YOUR TASK
Print the listing exactly as it stands. Skip every picture.

DATA SHOWN
= Beginning of Section =
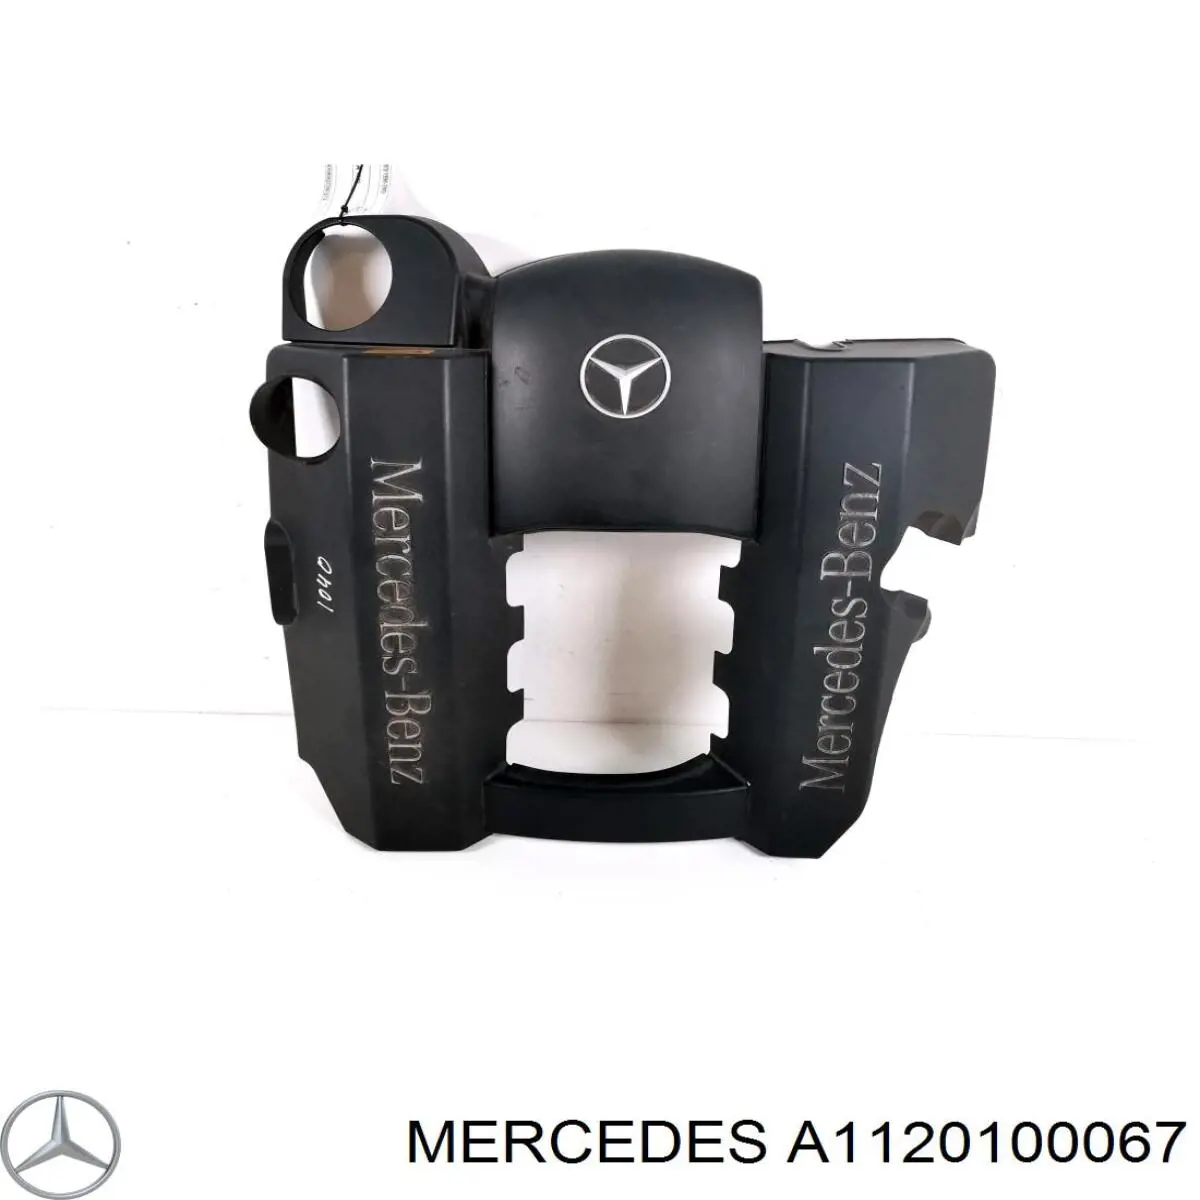 A1120100067 Mercedes tampa de motor decorativa
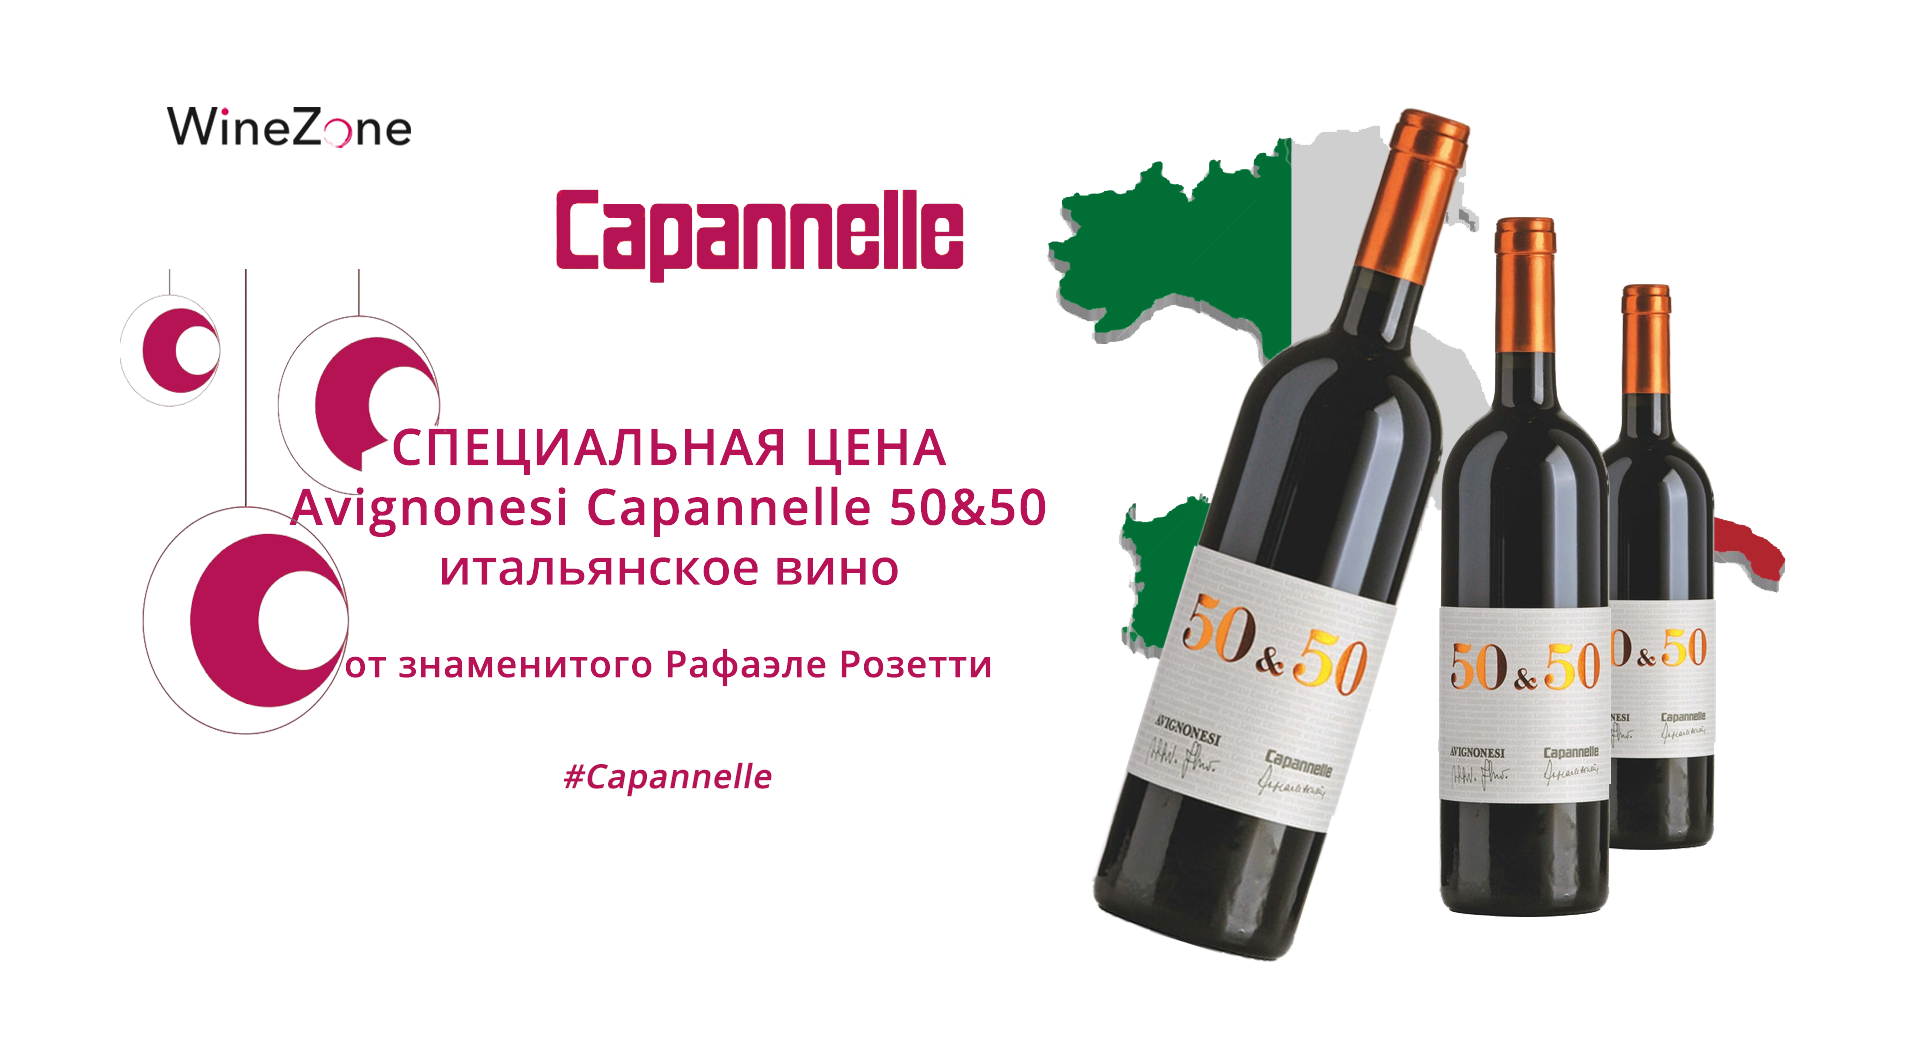 Специальная цена на вино Авиньонези Капанелли 50&50!
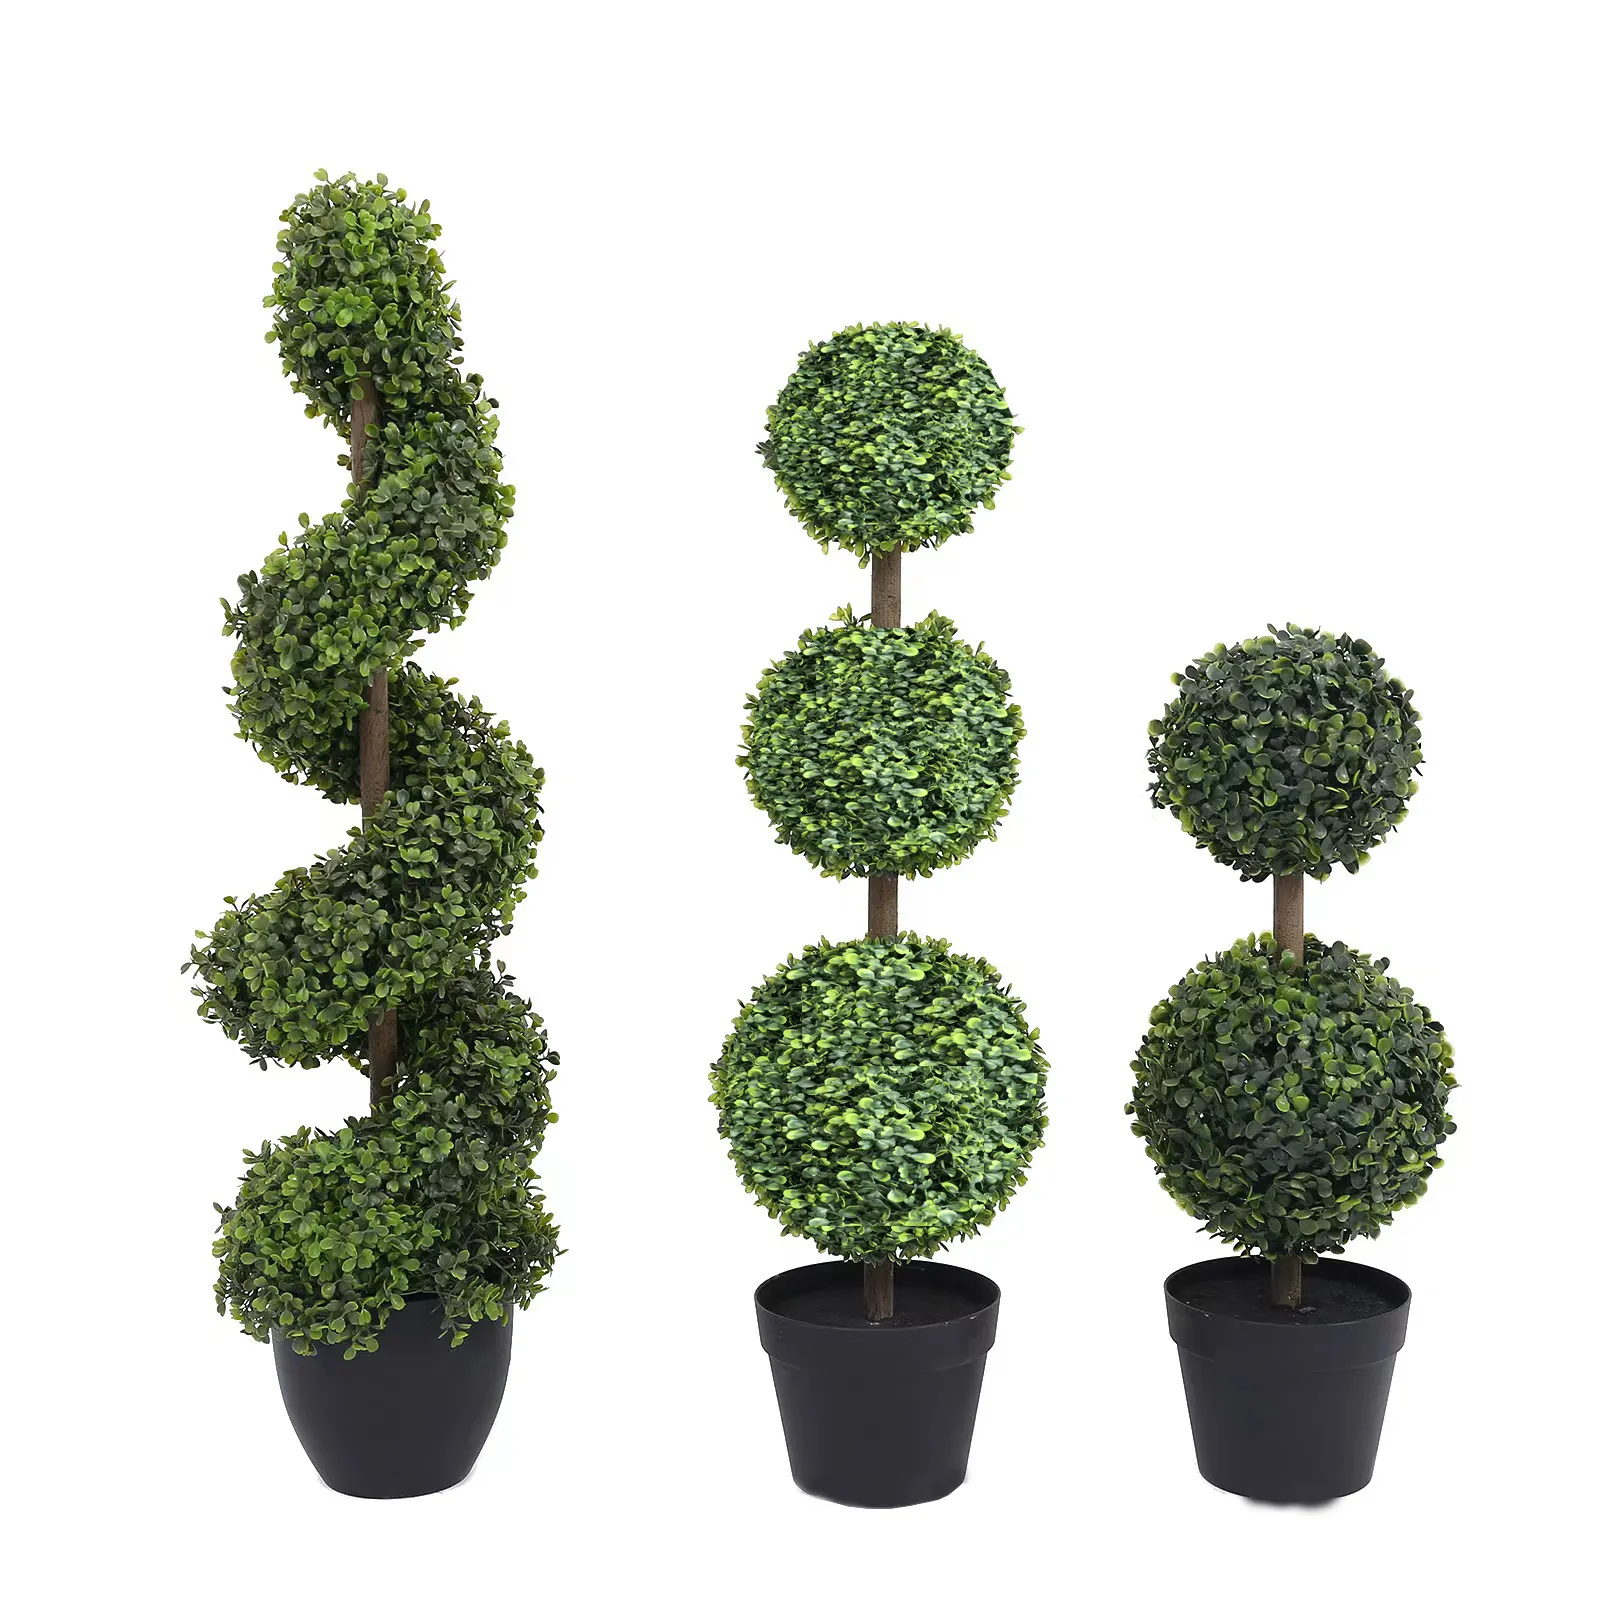 1-2m Bushy Green Künstlicher Spiral baum Indoor Outdoor Dekorative Topfbaum Gefälschte Dekoration Pflanze
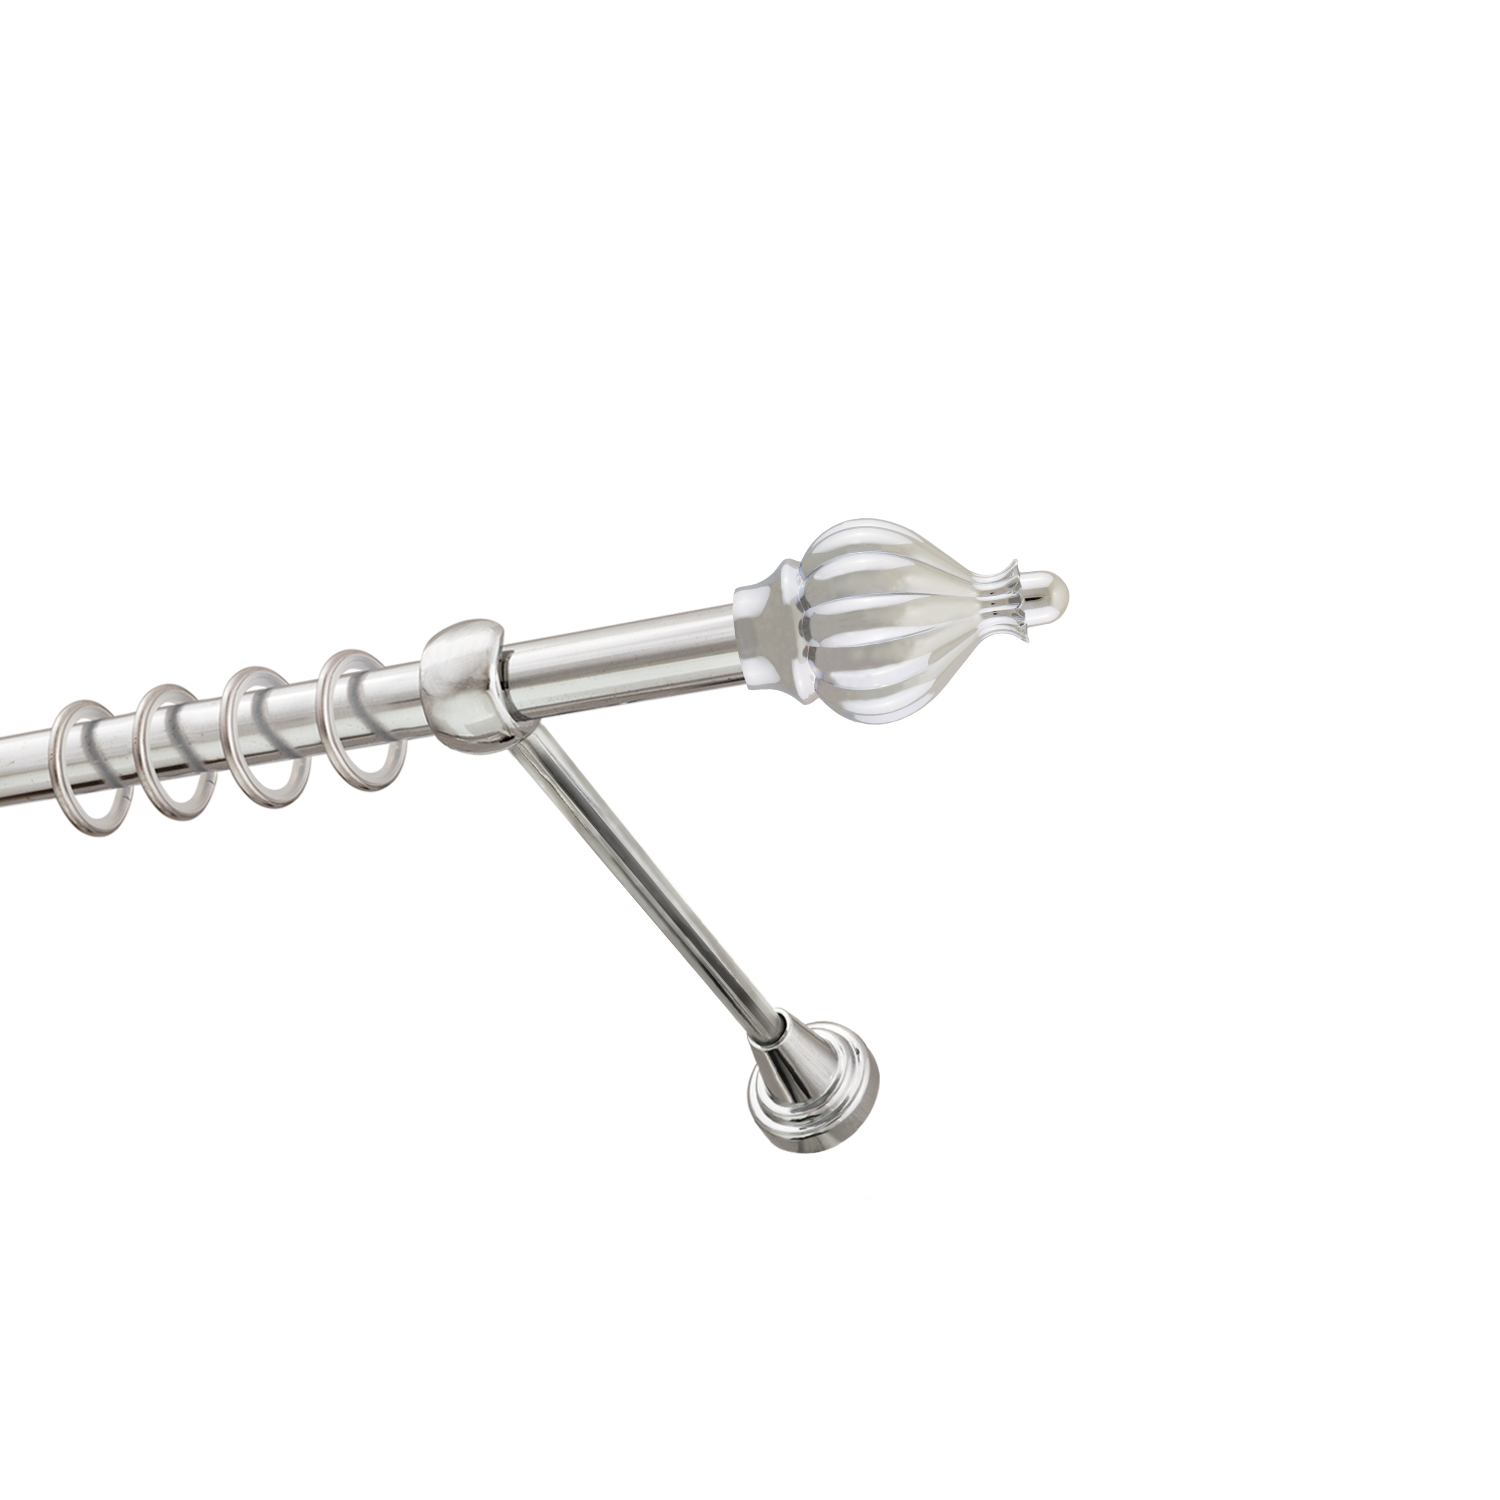 Металлический карниз для штор Афродита, однорядный 16 мм, серебро, гладкая штанга, длина 180 см - фото Wikidecor.ru
= End of Section =
RESPONSE TO THIS TASK
 A1120100067 Mercedes tampa de motor decorativa
 Специальная цена на вино Авиньонези Капанелли 50&50!
 1-2m Bushy Green Künstlicher Spiral baum Indoor Outdoor Dekorative Topfbaum Gefälschte Dekoration Pflanze
 Металлический карниз для штор Афродита, однорядный 16 мм, серебро, гладкая штанга, длина 180 см - фото Wikidecor.ru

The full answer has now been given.